Task directions — Look through the entries below and extract exactly the lines from the one containing "public transport management" through the one containing "Energy Management by Dana Malstaff ...", ends included.

Records provided —
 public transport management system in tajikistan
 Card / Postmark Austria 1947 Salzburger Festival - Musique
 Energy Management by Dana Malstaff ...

--

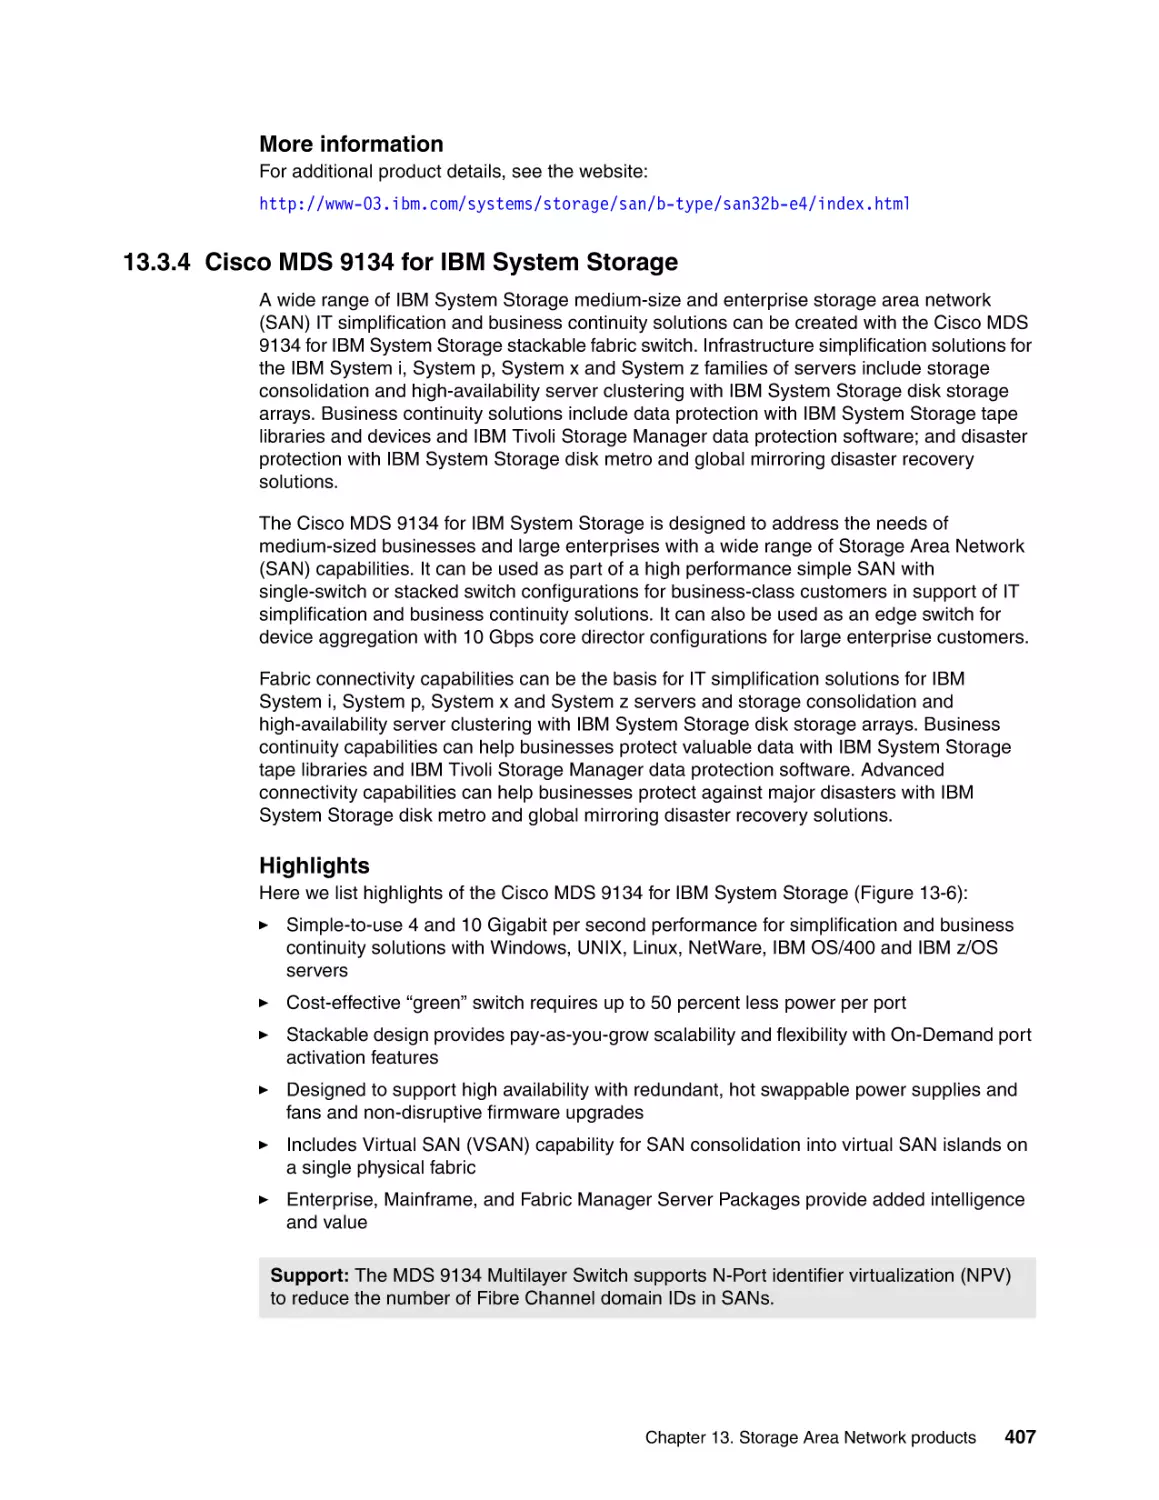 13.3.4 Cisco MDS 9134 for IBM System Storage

Exercise solution —
 public transport management system in tajikistan
 Card / Postmark Austria 1947 Salzburger Festival - Musique
 Energy Management by Dana Malstaff ...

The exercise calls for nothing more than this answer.